In the illustrated system, the data from the unknown user is analyzed and filtered to determining discriminating data. In the system of FIG. 3, the URL data is filtered to determine those URLs that are the same as a discriminating URL for a demographic model, or the same as a surrogate URL associated with a demographic model. Similarly, a keyword index may be generated for any query information received from the unknown user, and the keyword index may be compared to discriminating keyword indices. URLs or query information that is not deemed to match or otherwise associate with previously defined discriminating (i.e., including surrogate) information may be eliminated.
In the FIG. 3 system, an interest score is computed for each remaining URL 42 and query keyword index in the data set 40, and this interest score computation 42 may be computed using the same process used in the Model Builder 12. The interest scores for each URL of the illustrated system are then applied to each demographic attribute model 44 to output a probability that user X is a member of that demographic group, the probability being otherwise known as a "dscore" for each attribute. Any previously existing user profile for user X may then be retrieved from a historical user profile database 46 or other location and updated with the latest dscores. The updating may be performed using any well-known data filtering technique, learning algorithm, etc. Those with ordinary skill in the art will recognize that if a user profile does not exist, a new user profile may be created. The updated or new user profile may similarly be saved for later retrieval by an advertising system, another update, etc. The profile database 46 may be arranged in any manner to facilitate the application utilizing the user profiles stored therein, and those with ordinary skill in the art will recognize that the database 46 may be replaced with any other storage mechanism that performs the functions described herein for storing and allowing retrieval of user profile information. For example, the database may be may be realized using any database or relational database system, such as Oracle 8, SQL, MySQL, or any other database system.
An advantage of the present invention over the prior art is that independent demographic models may be computed and applied to communications users to generate a user profile without requiring data input by the users .
What has thus been described is an apparatus and method to create demographic user profiles of communication network users. In one embodiment, the communication network is the internet, and demographic profiles are generated for internet users using URL data. A probabilistic model is created for each demographic attribute, with example demographic categories including marital status, gender, age, income, profession, industry, etc. In the illustrated embodiment, each probabilistic model is computationally independent of the others, and is derived by generating interest scores for a filtered URL set, identifying a discriminating URL set for each demographic attribute, and creating a probability distribution function from the respective interest scores. The probabilistic models accept an interest score and produce a corresponding demographic probability measure that indicates the probability that the respective user is within the demographic group. Once probabilistic models exist for each demographic attribute, user profiles may be maintained and updated by obtaining a specified user's URL data, filtering the data, attaching interest scores to the filtered data, inputting the interest scores to respective demographic models to produce probabilities, and updating the user profile with the newly computed probabilities.

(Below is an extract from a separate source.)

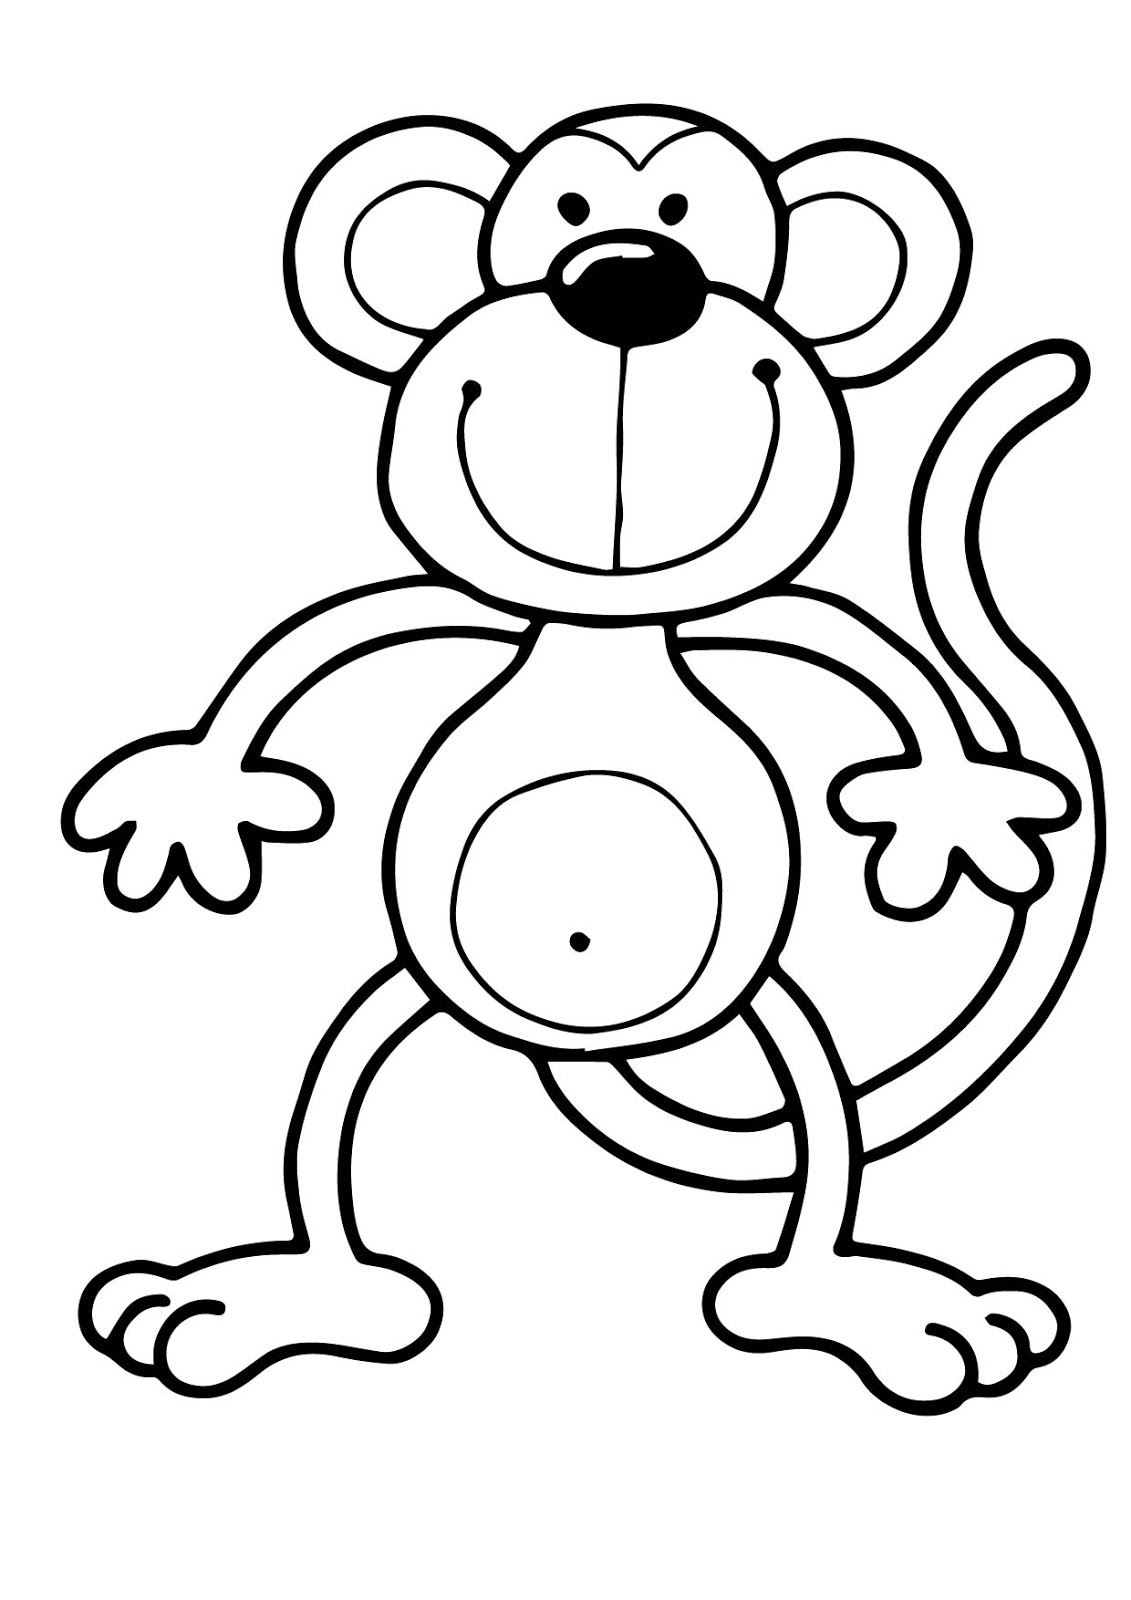 coloring page monkey monkeys drawing at getdrawingscom free for personal use coloring monkey page

Although the present invention has been described relative to a specific embodiment thereof, it is not so limited. Obviously many modifications and variations of the present invention may become apparent in light of the above teachings. For example, the block diagrams and functions related thereto are merely representative and functionality may be combined without departing from the scope of the invention. Although in the illustrated embodiment, the demographic attribute models were based upon the same prediction algorithm, different demographic attribute models may be based upon different prediction algorithms. The attribute models may be updated on fixed intervals or, as in the illustrated embodiment, intervals that are independently computed with respect to the other models. The invention may be applied to any communications network. The functionality of the different components of the illustrated embodiments may be otherwise partitioned or combined without affecting the scope of the invention.
Many additional changes in the details, materials, steps and arrangement of parts, herein described and illustrated to explain the nature of the invention, may be made by those skilled in the art within the principle and scope of the invention. Accordingly, it will be understood that the invention is not to be limited to the embodiments disclosed herein, may be practiced otherwise than specifically described, and is to be understood from the following claims, that are to be interpreted as broadly as allowed under the law.

Claims

We claim :
1. A method for producing a demographic attribute model, comprising, obtaining known demographic data associated to communications system data, computing interest scores relating an interest level to the communications system data, correlating the communications system data to a demographic attribute, and, generating a probabilistic model for the demographic attribute using the interest score from the correlated communications systems data.
2. A method according to claim 1, wherein obtaining a set of known demographic data associated to communications systems data further comprises receiving demographic data with corresponding URL clickstream data from an Internet Service Provider (ISP) .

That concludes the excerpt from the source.